-- Extracted records --
-=-=-=-=-

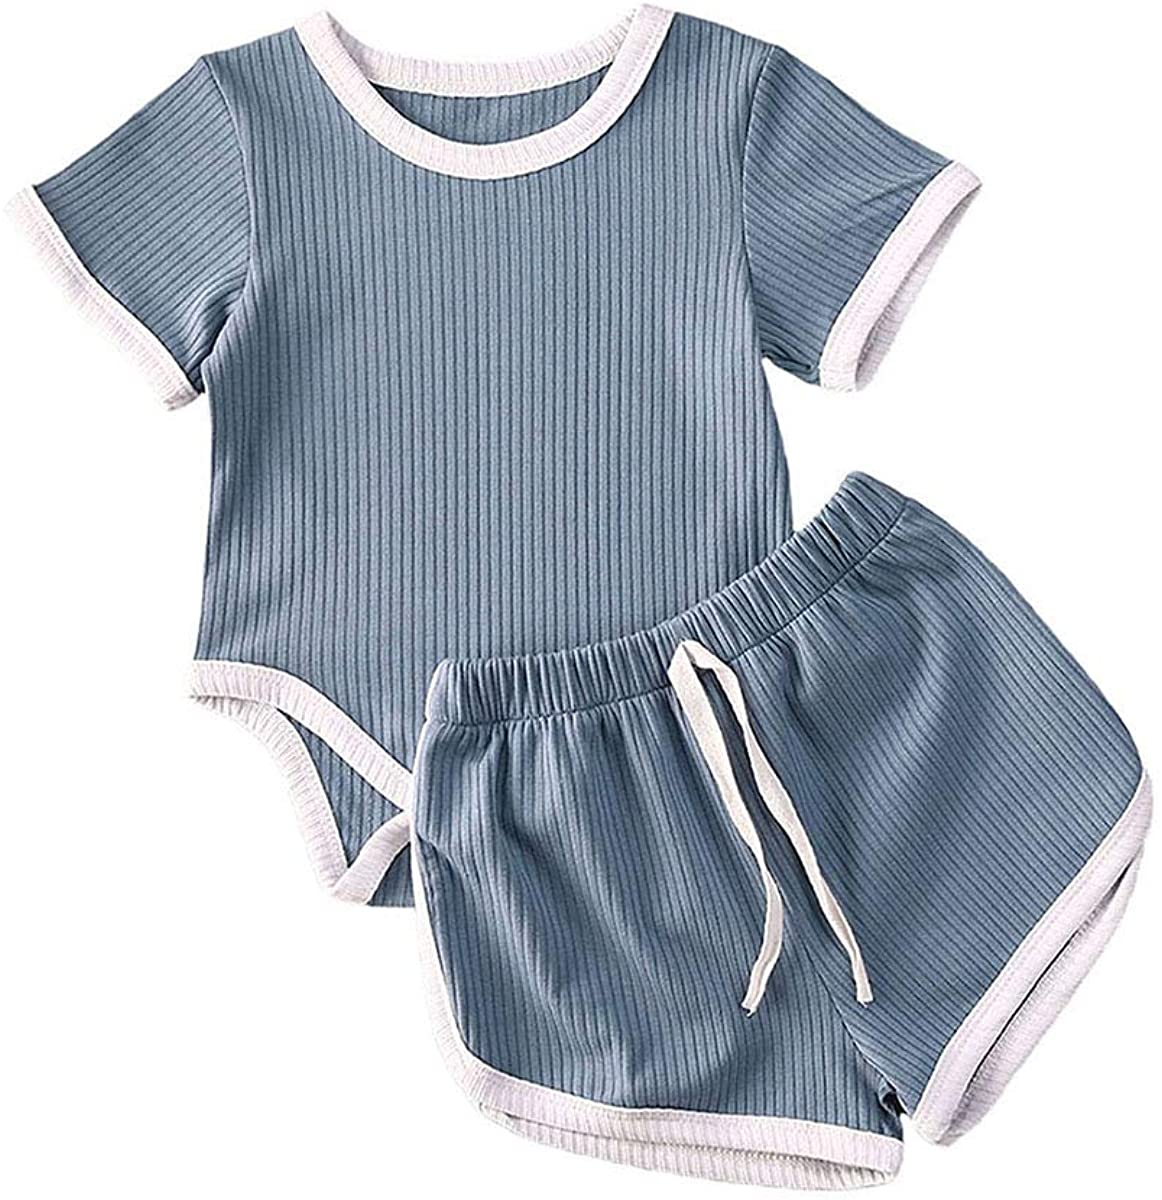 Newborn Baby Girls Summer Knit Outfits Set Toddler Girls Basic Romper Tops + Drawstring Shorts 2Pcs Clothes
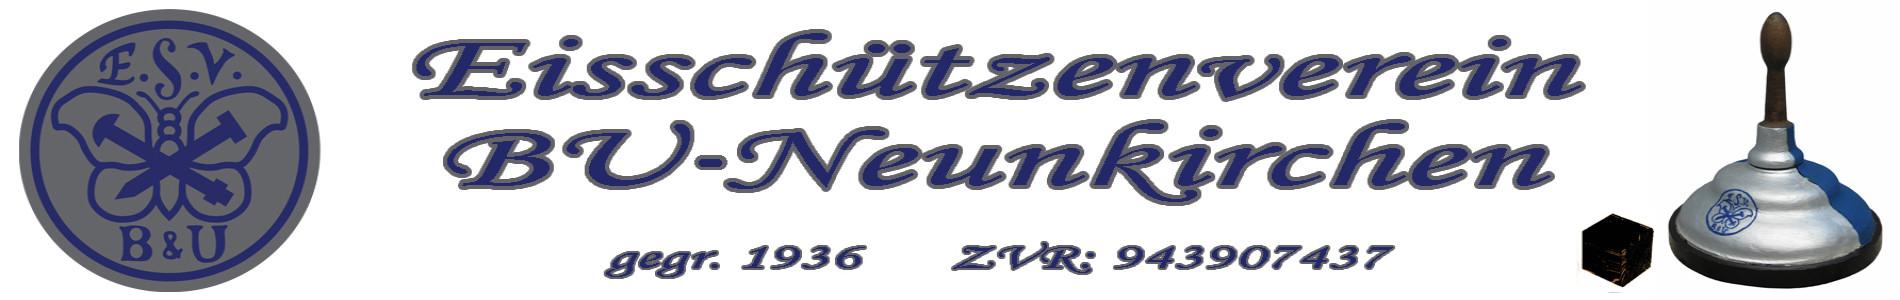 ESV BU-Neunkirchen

-=-=-=-=-

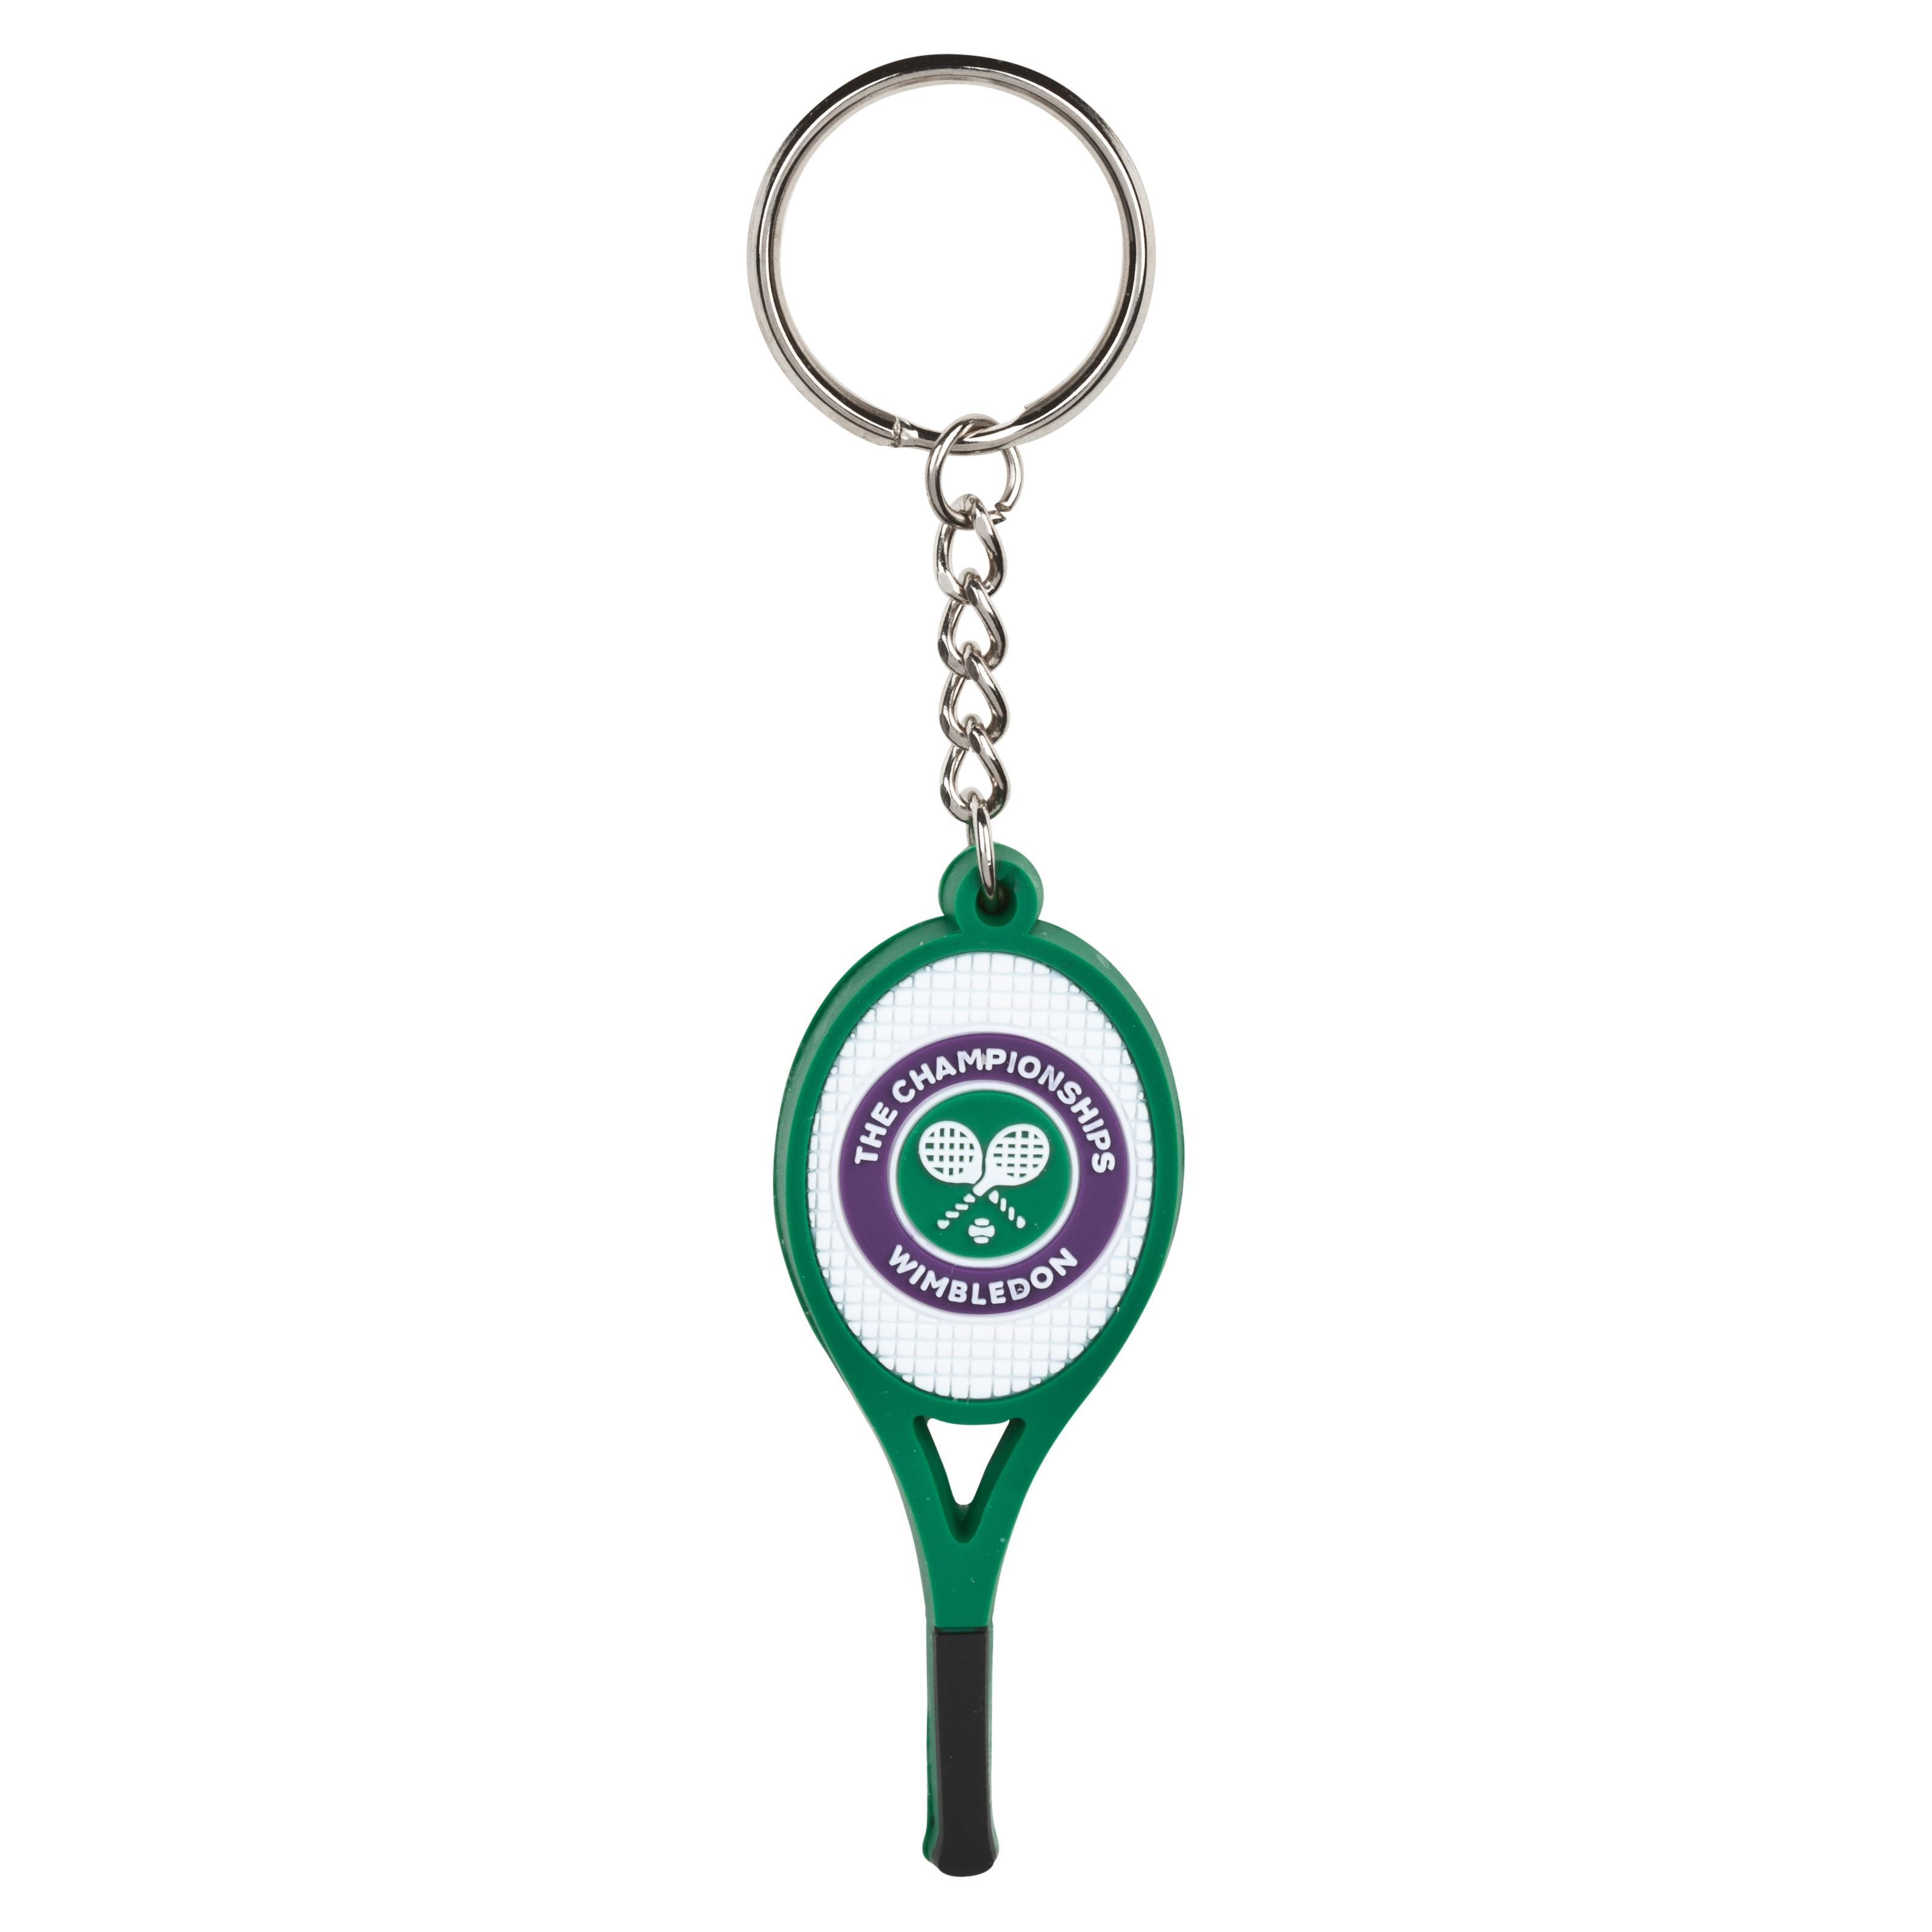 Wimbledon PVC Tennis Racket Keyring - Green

-=-=-=-=-

-- Aim of the exercise --
In the data above, retype only the stretch from the line with "Newborn Baby Girls" through the line with "ESV BU-Neunkirchen", word for word, and skip any pictures.

-- Task answer --
 Newborn Baby Girls Summer Knit Outfits Set Toddler Girls Basic Romper Tops + Drawstring Shorts 2Pcs Clothes
 ESV BU-Neunkirchen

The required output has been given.